2016 Food Storage Challenge

Tuesday, January 6, 2015

Make your own Cream Soup Base

Make your own cream soup base and never have to buy canned cream soup again. It is so easy Just put 2 cups powdered milk, 1 cup corn starch, 1/4 cup chicken bullion granules, 2 Tbsp. dried onion flakes, 1/2 tea pepper. In a large bowl. I double mine since I use so much.
 
 
Mix real well

 
Put in a container and label.

 
To use add 1/3 cup mix to 1 1/4 cup cold water. (equally to 1 can)

 
Whisk well cook and stir over  medium heat until thickened. Be sure to keep stirring so it doesn't clump up.

 
This can be used just like the canned soup in your recipes.
I you know you will be needing more in the next few days make how much you need and store in the fridge until needed ( use within a week) 



 
You can also use beef bullion in place of chicken I do this some times since most of what I cook has beef instead of chicken.
 
 
Homemade Cream Soup Base
 
2 cups powdered milk
1 cup Cornstarch
1/4 cup chicken bullion granules
2 Tbsp.
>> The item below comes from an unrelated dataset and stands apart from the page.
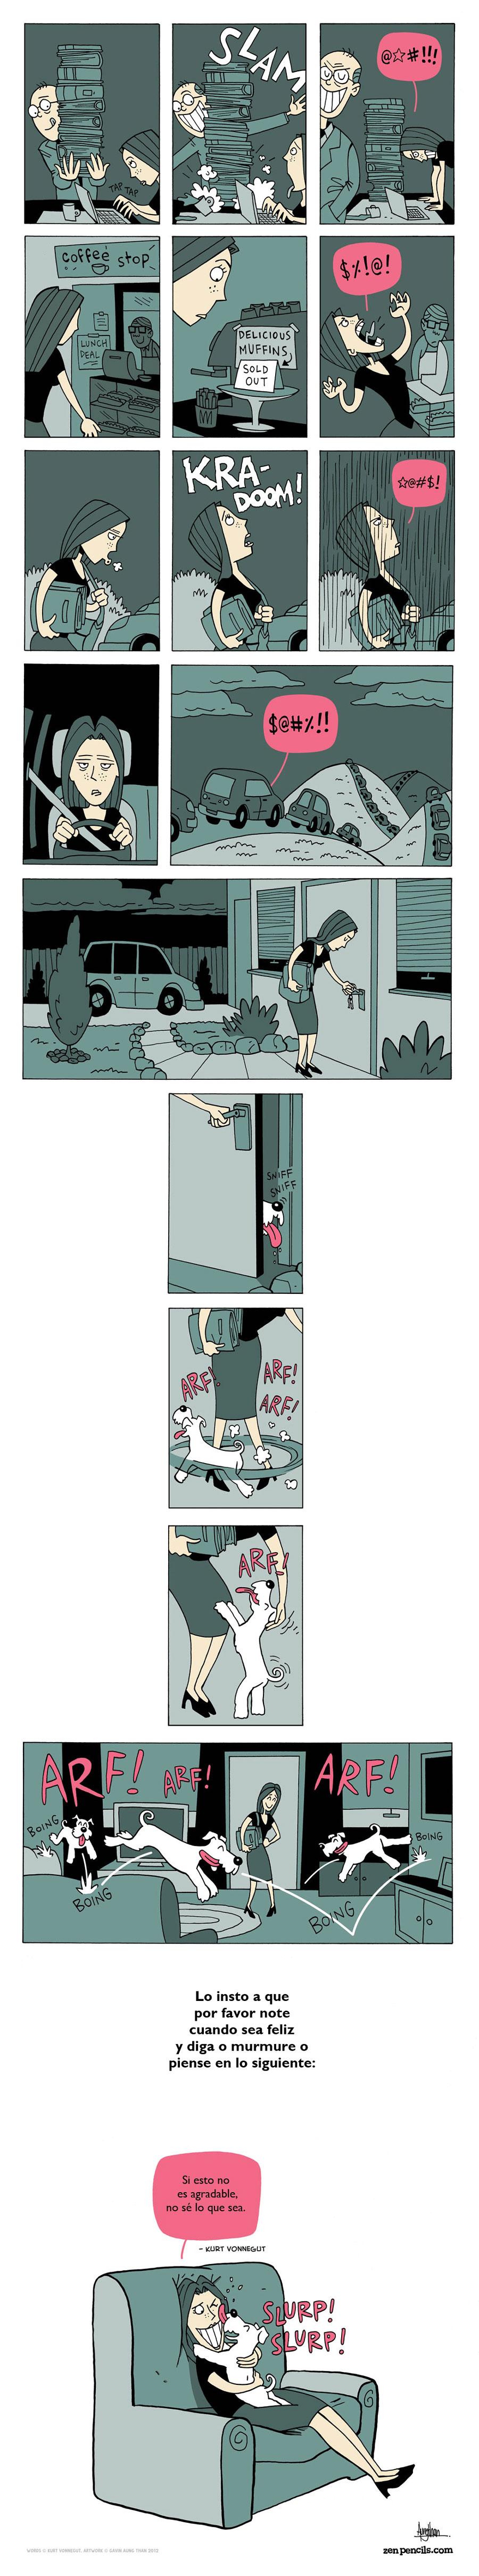 2010-01-17-27-Vonnegut-SPANISH.jpg

Dried onion flakes
1/2 tea. Black pepper
 
Mix well and store in a airtight container
To use mix 1/3 cup mix to 11/4 cup of cold water
mix well cook and stir over a med heat until thickened.
 
 
Mushroom Soup: add 1/2 cup finely chopped mushrooms.
Celery Soup: add 1/2 cup minced celery.
Chicken soup: add 1/2 cup diced chicken. 
 

4 comments:

  1. Pinned this on my site for other to see. Great idea.

    ReplyDelete
  2. What a neat website. I love your preserving totals! Very inspiring! :)

    ReplyDelete
  3. Thank you for sharing on the HomeAcre Hop!
    I have used MYO cream soups, it works out great!!